What to produce:
The lines from the one containing "Louis Vuitton Palermo" through the last one in the data: please copy those exactly, and only those, without the pictures.

══ Stored data ══

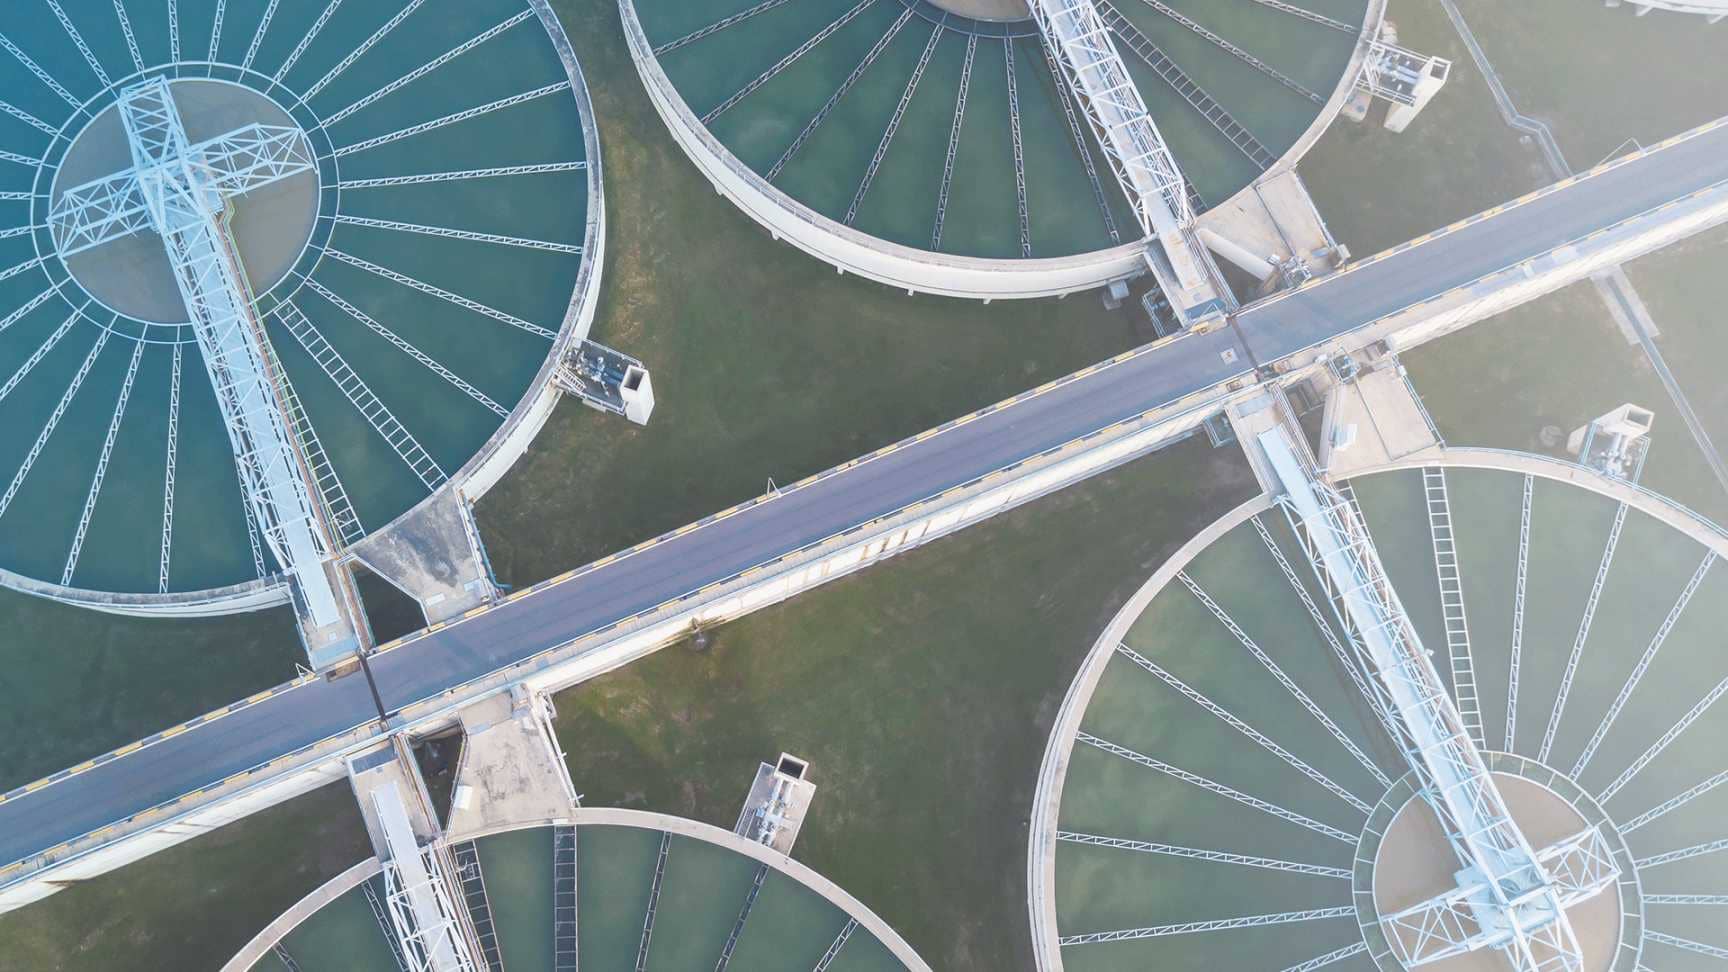 Sky view of wastewater treatments
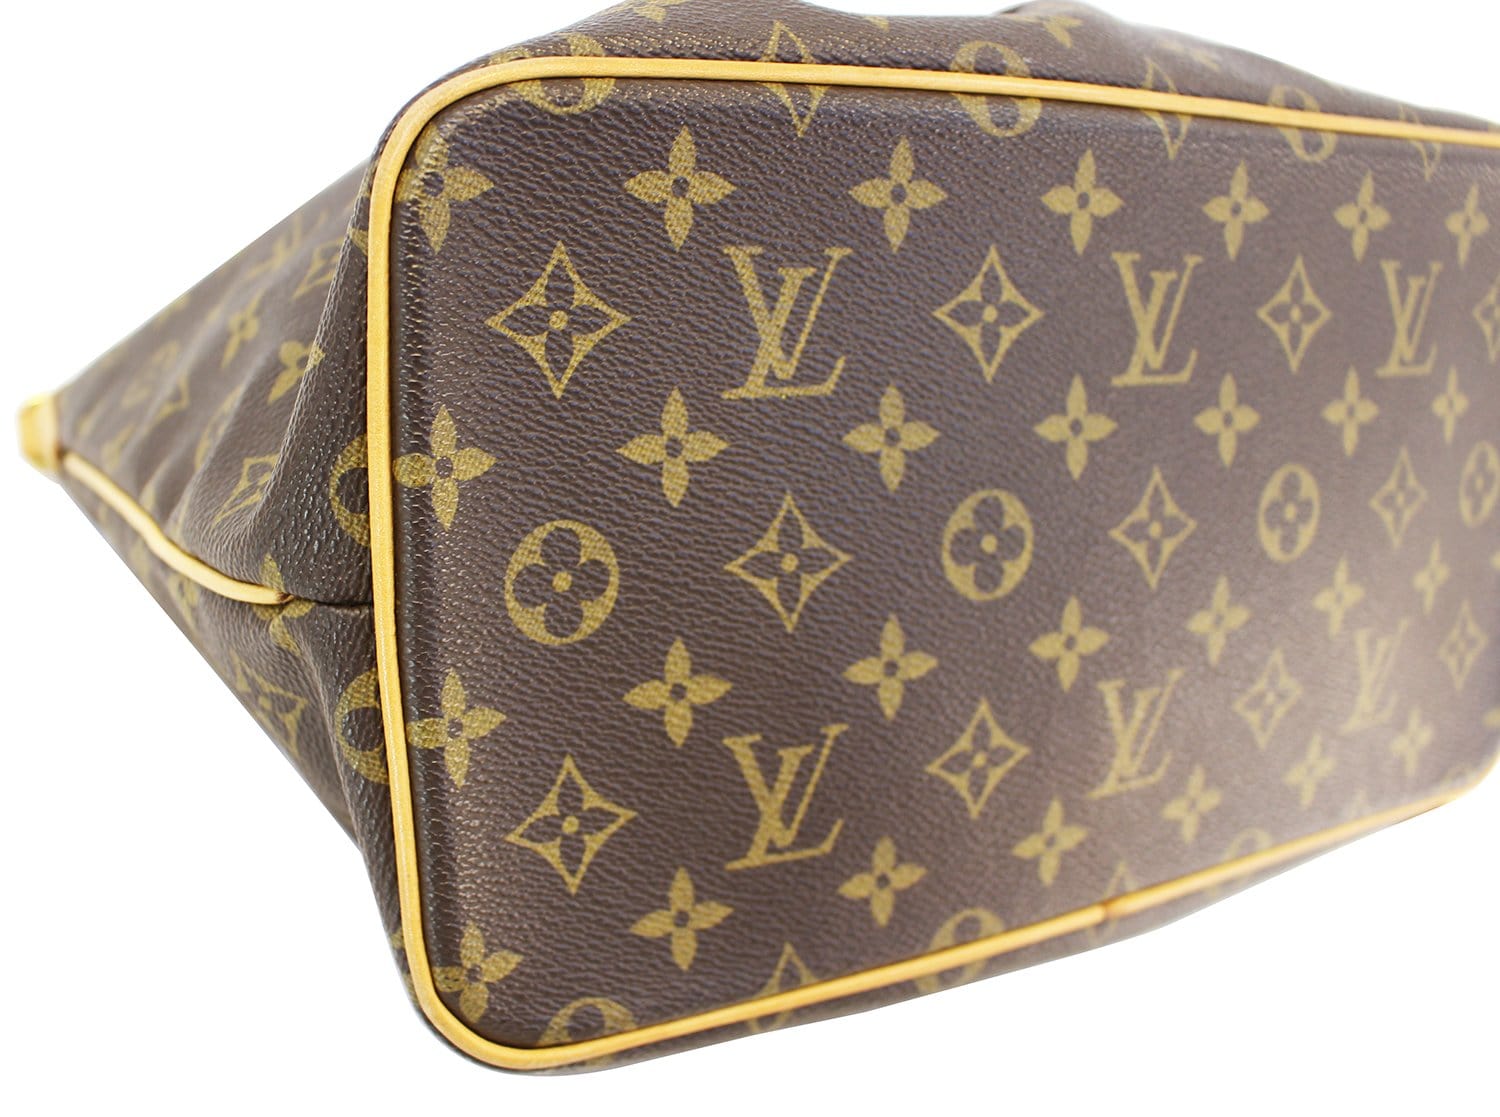 Louis Vuitton Palermo PM In Monogram for Sale in Hollywood, FL
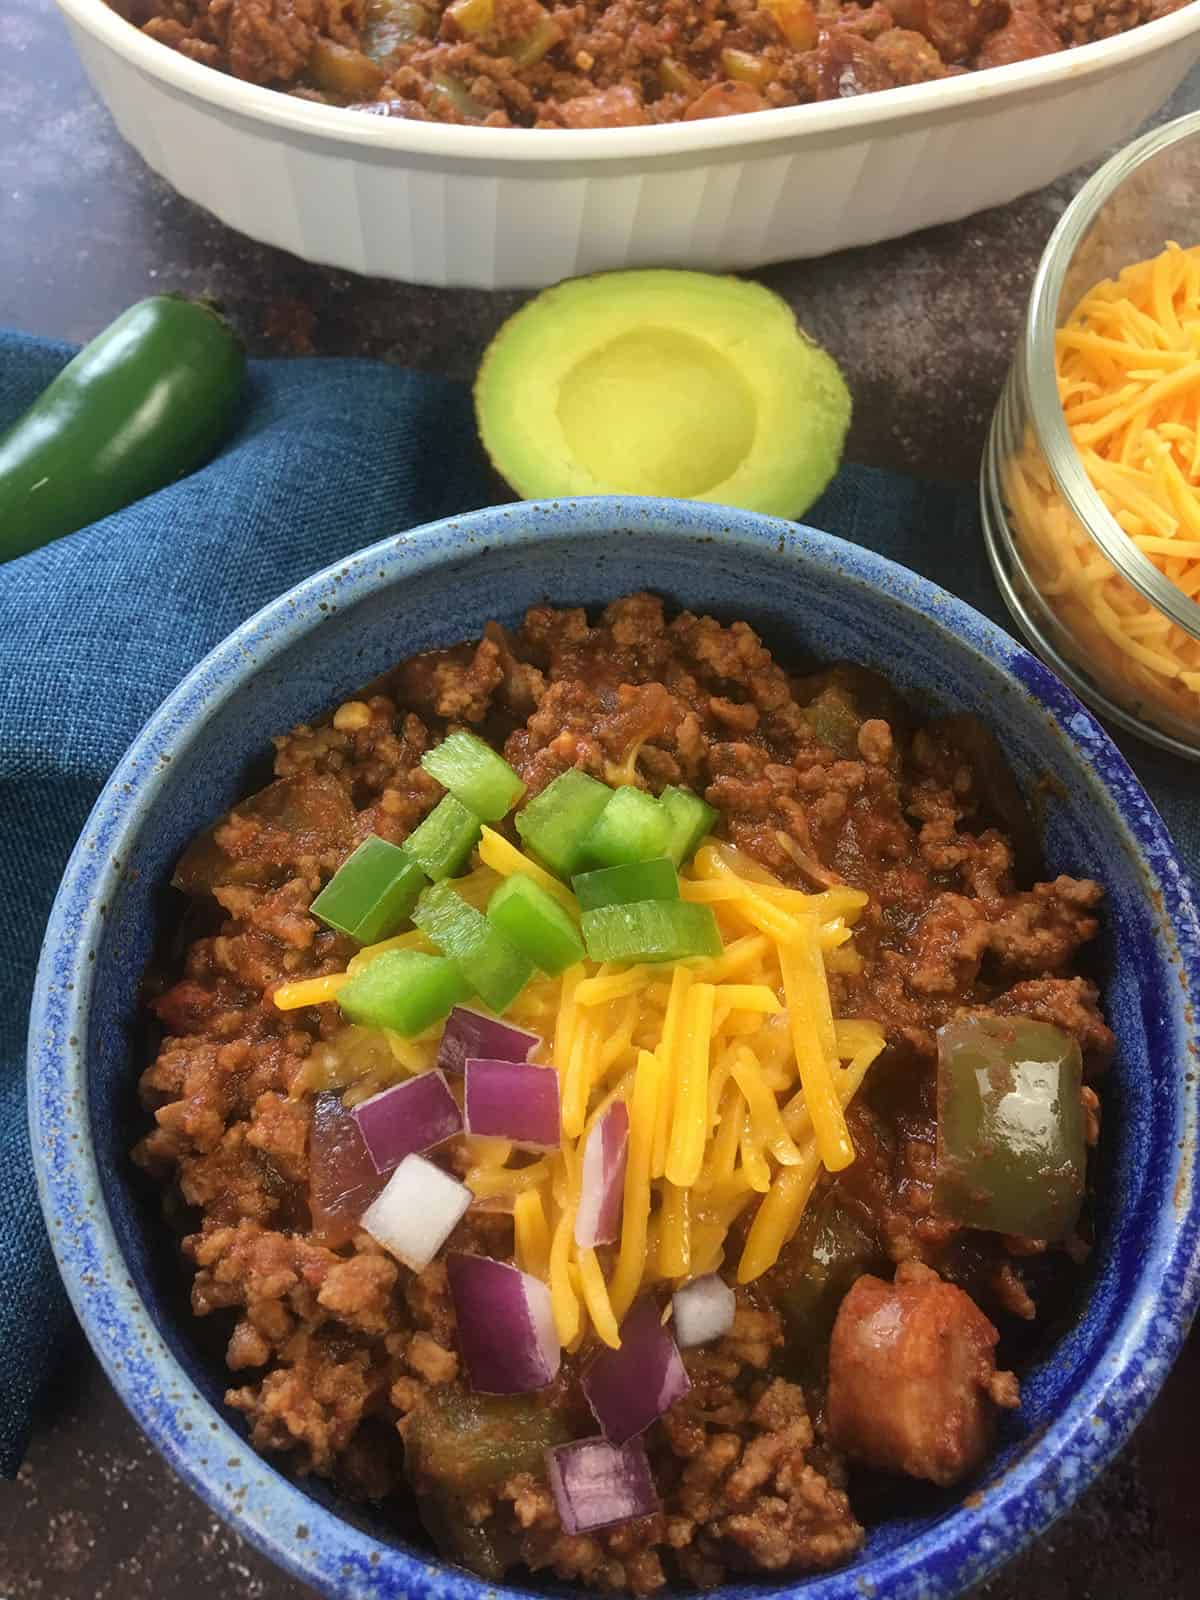 Cooked chili topped with shredded cheddar cheese, diced onions and jalapenos with avocado half and whole jalapeno in background.

═══

Solution:
 Louis Vuitton Palermo PM In Monogram for Sale in Hollywood, FL
 Cooked chili topped with shredded cheddar cheese, diced onions and jalapenos with avocado half and whole jalapeno in background.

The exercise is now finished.